▸ **Input data**
.....
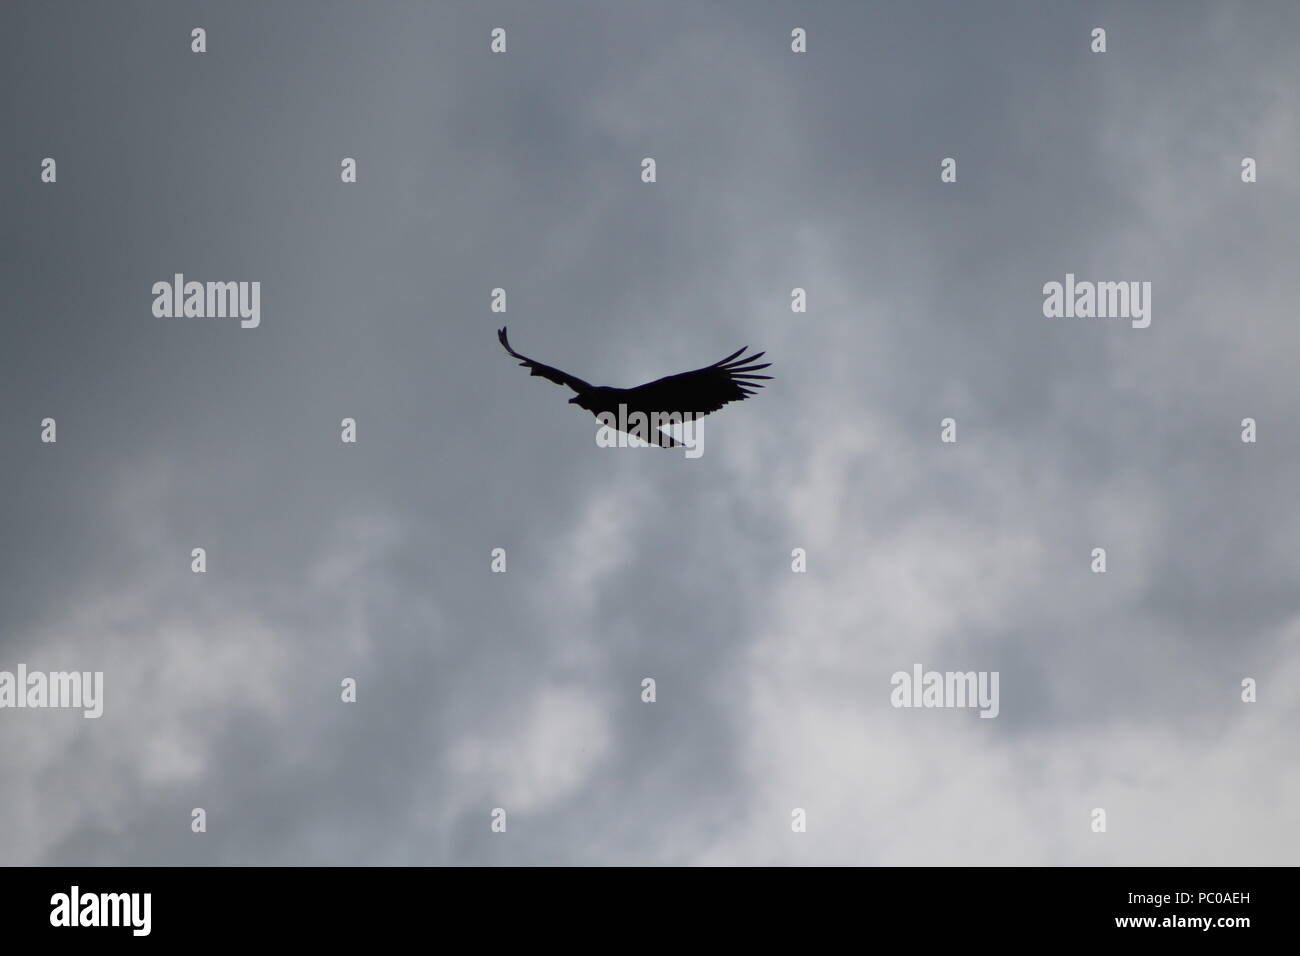 Flying bird silhouette Stock Photo
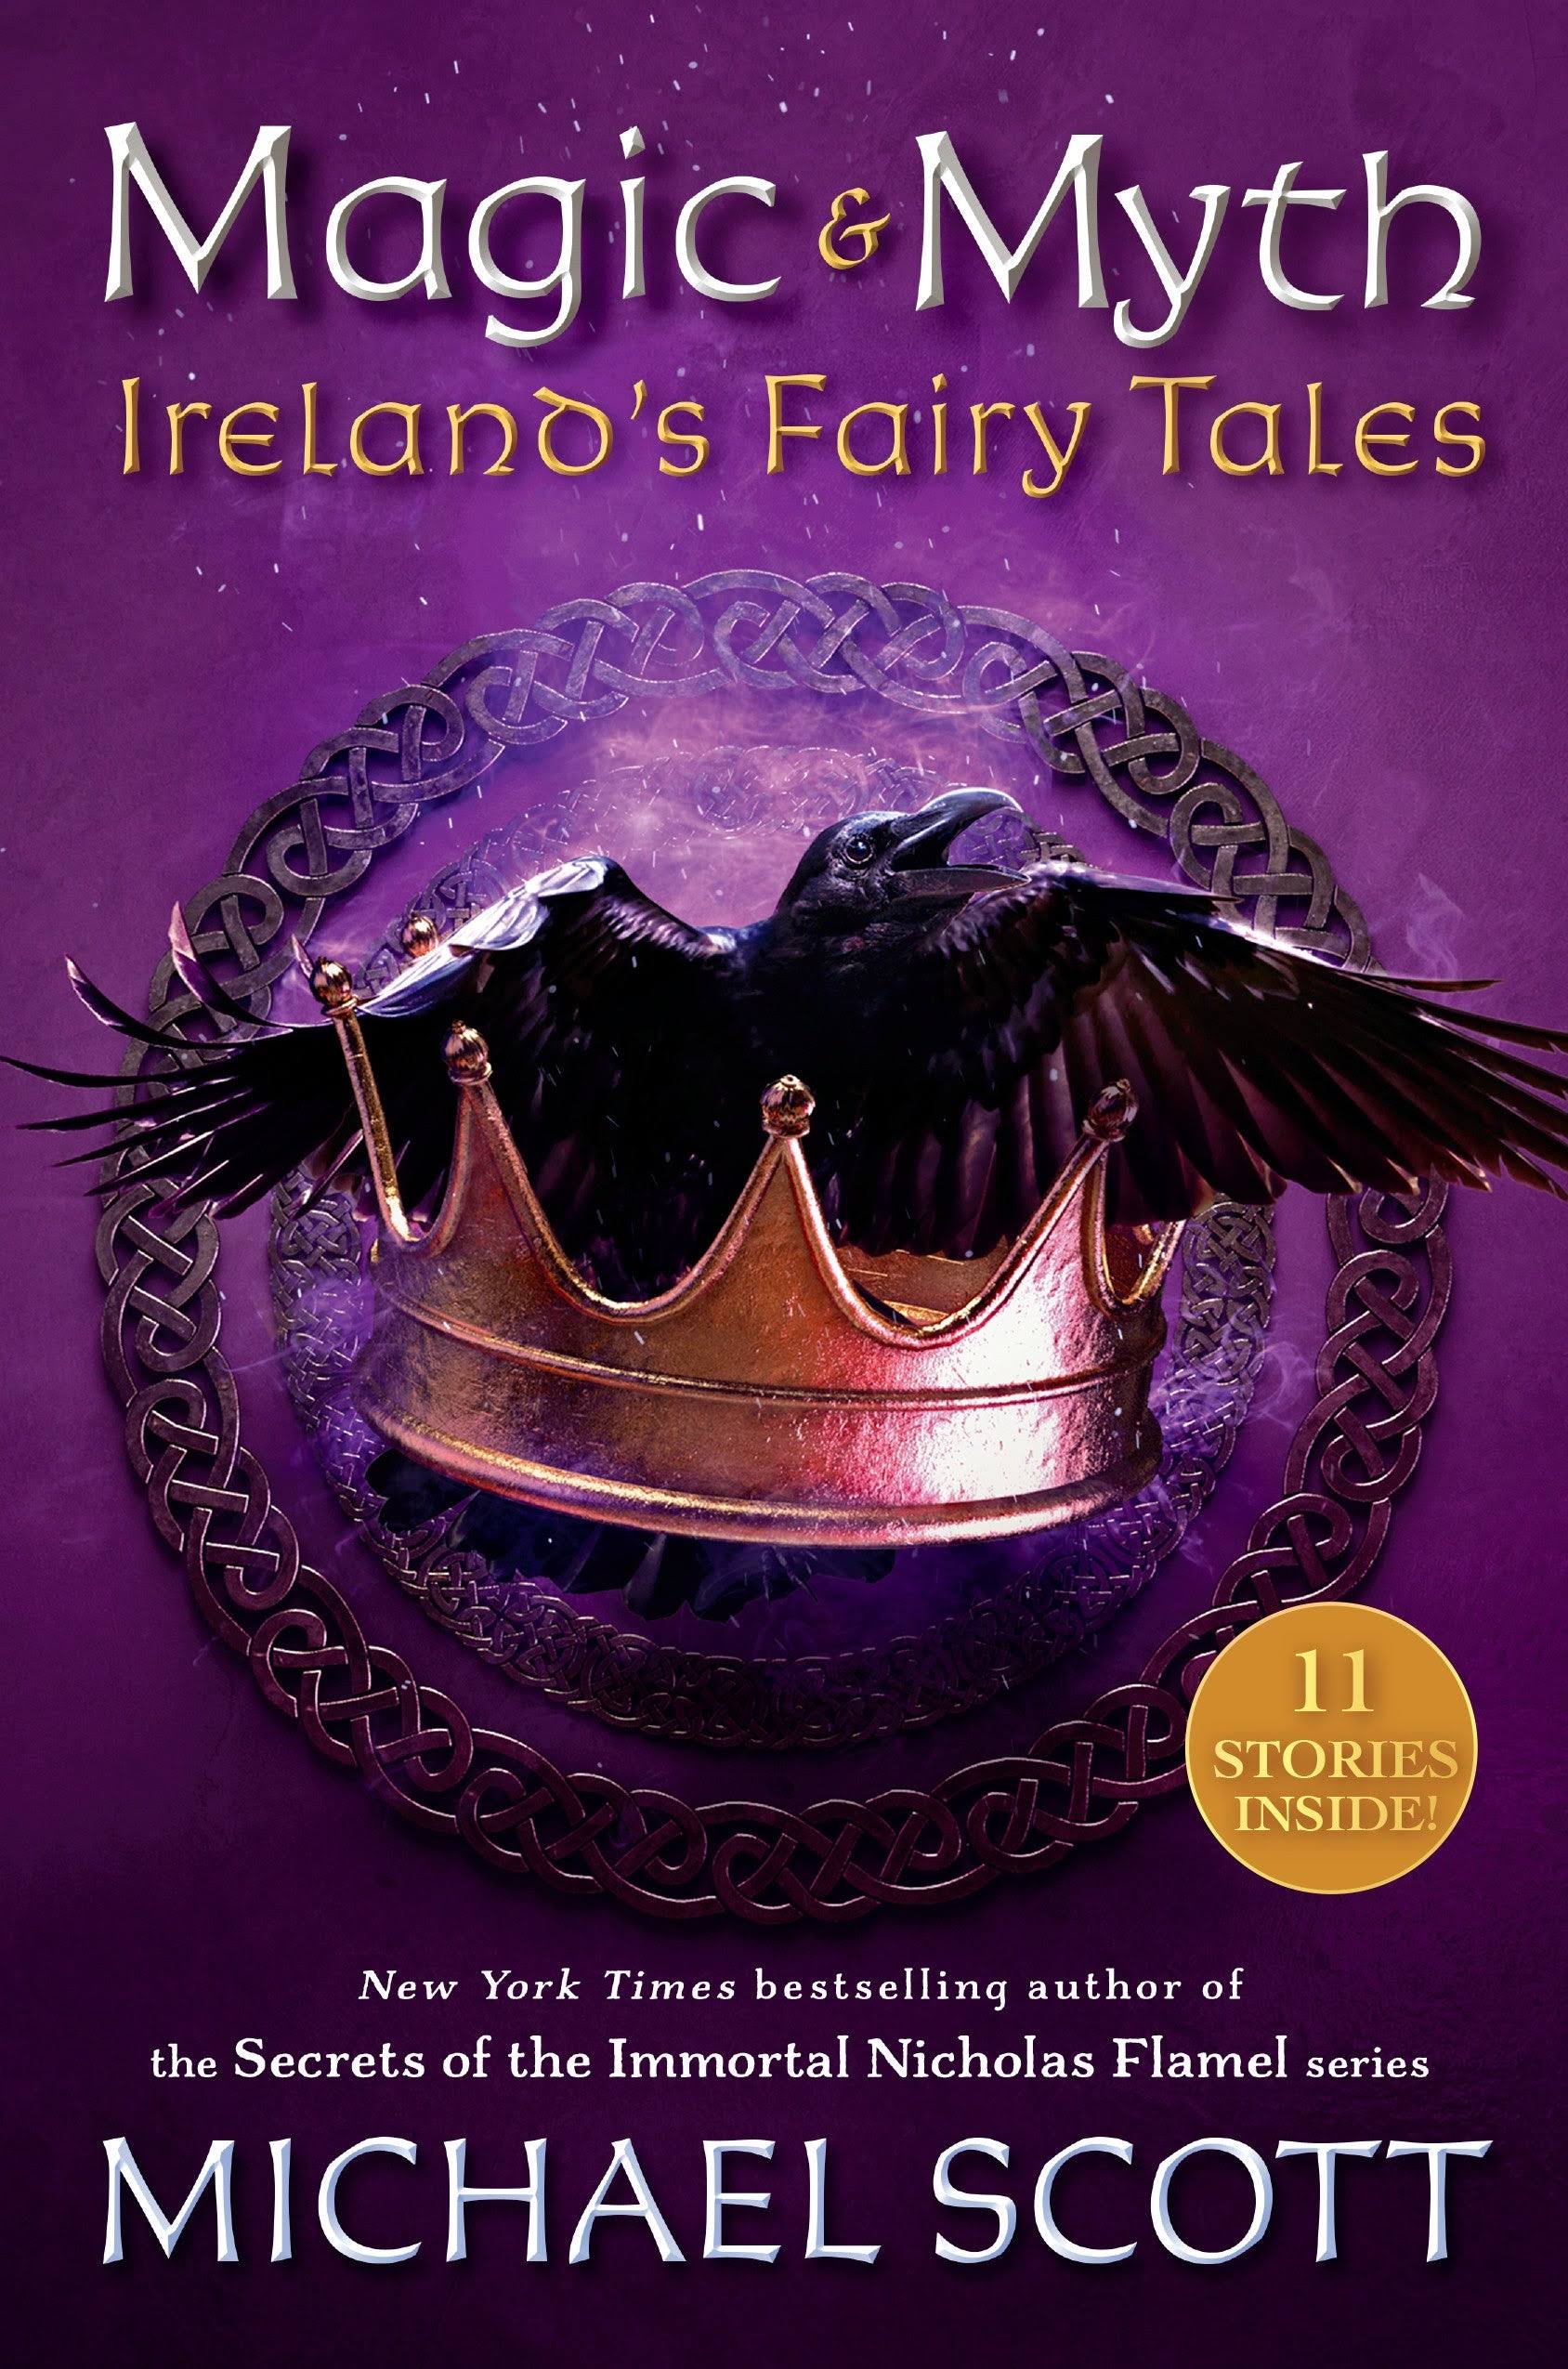 Magic and Myth: Ireland's Fairy Tales by Michael Scott
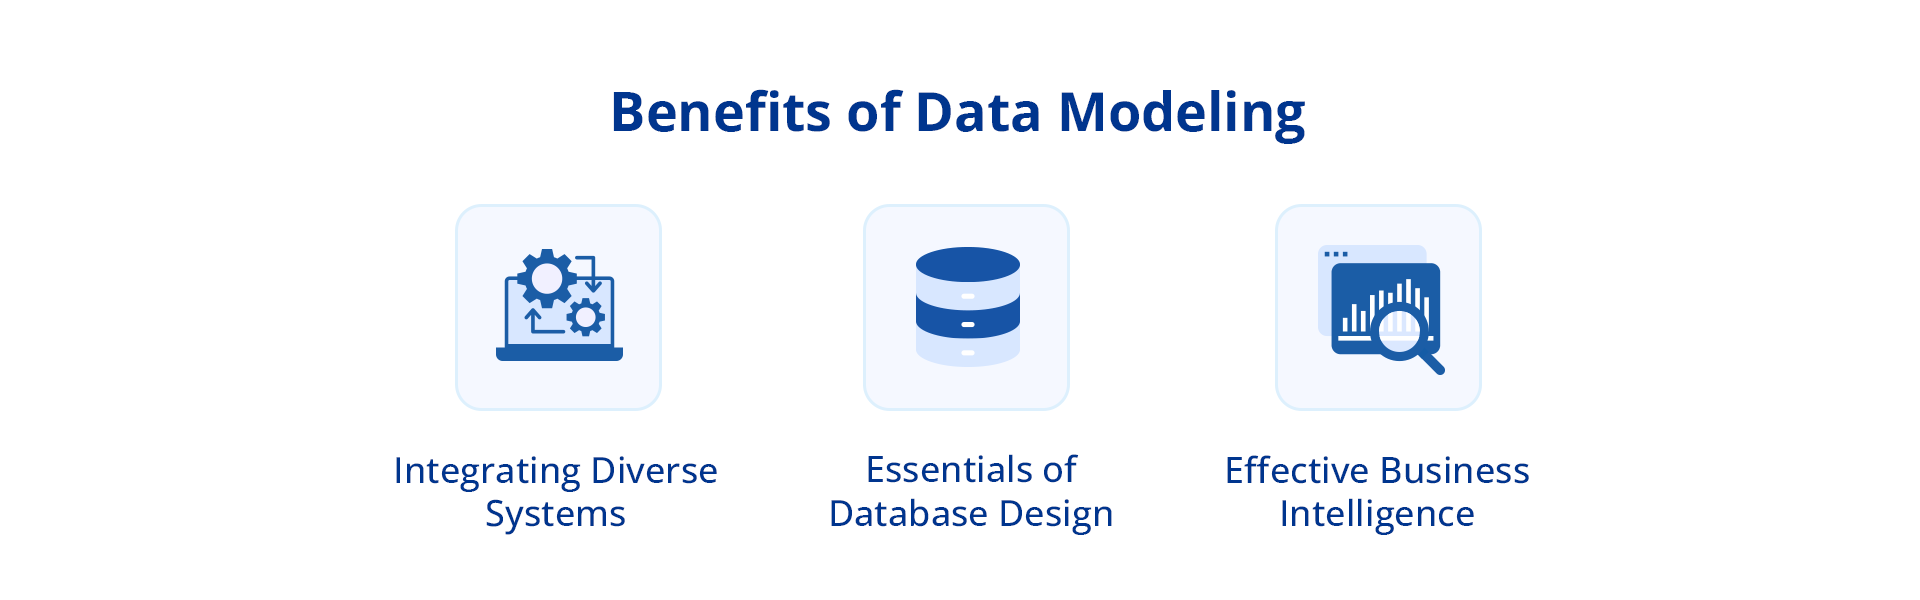 Illustration Showing Benefits of Data Modeling 
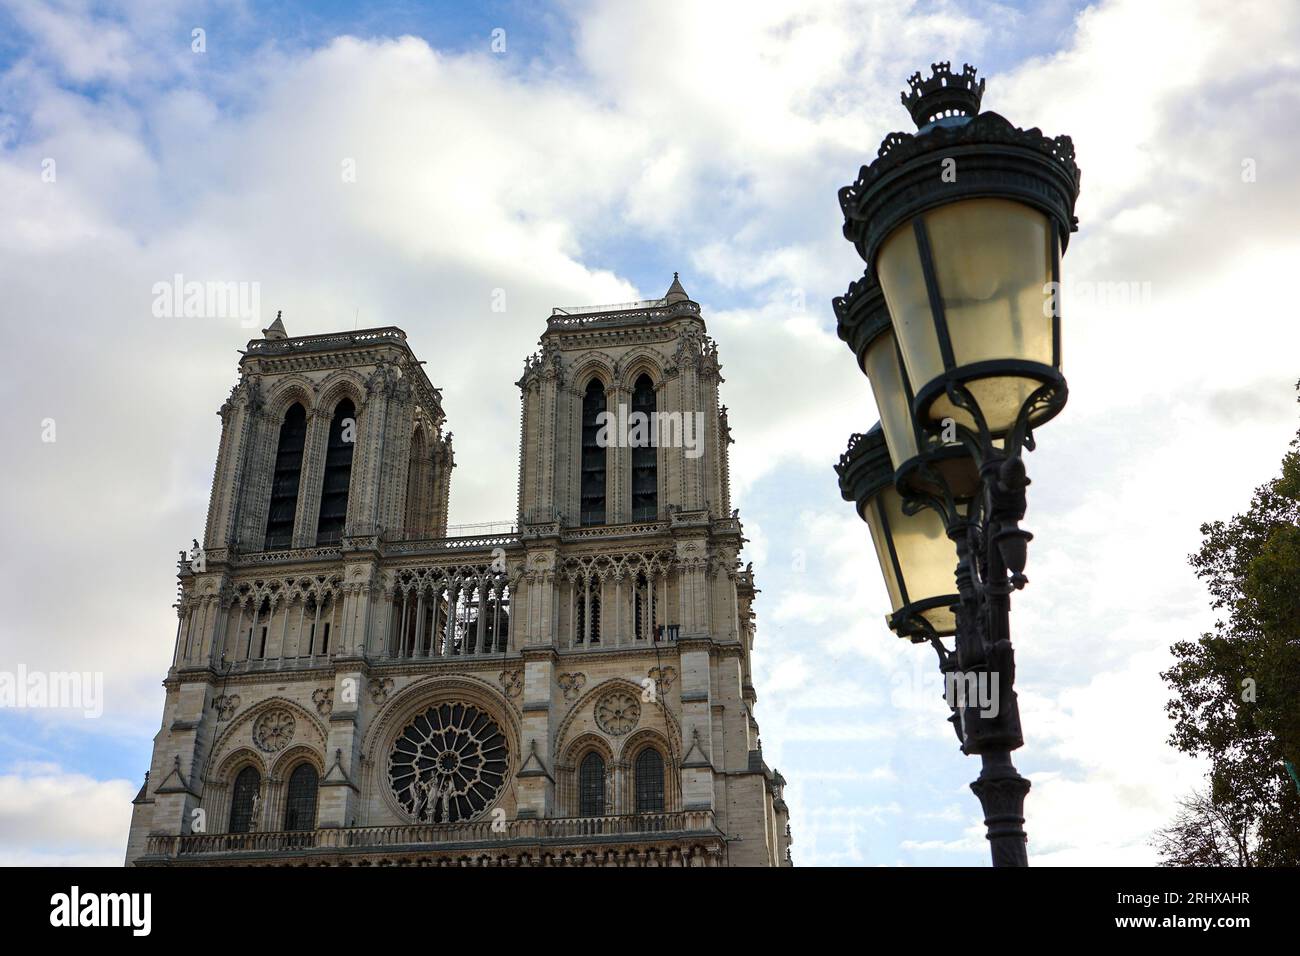 Notre Dame de Paris Cathedral. French Gothic architecture. Stock Photo
.....
Only the pictures are to be left out; all other material is to be output exactly.

▸ **Result of the task**
 Flying bird silhouette Stock Photo
 Magic and Myth: Ireland's Fairy Tales by Michael Scott
 Illustration Showing Benefits of Data Modeling 
 Notre Dame de Paris Cathedral. French Gothic architecture. Stock Photo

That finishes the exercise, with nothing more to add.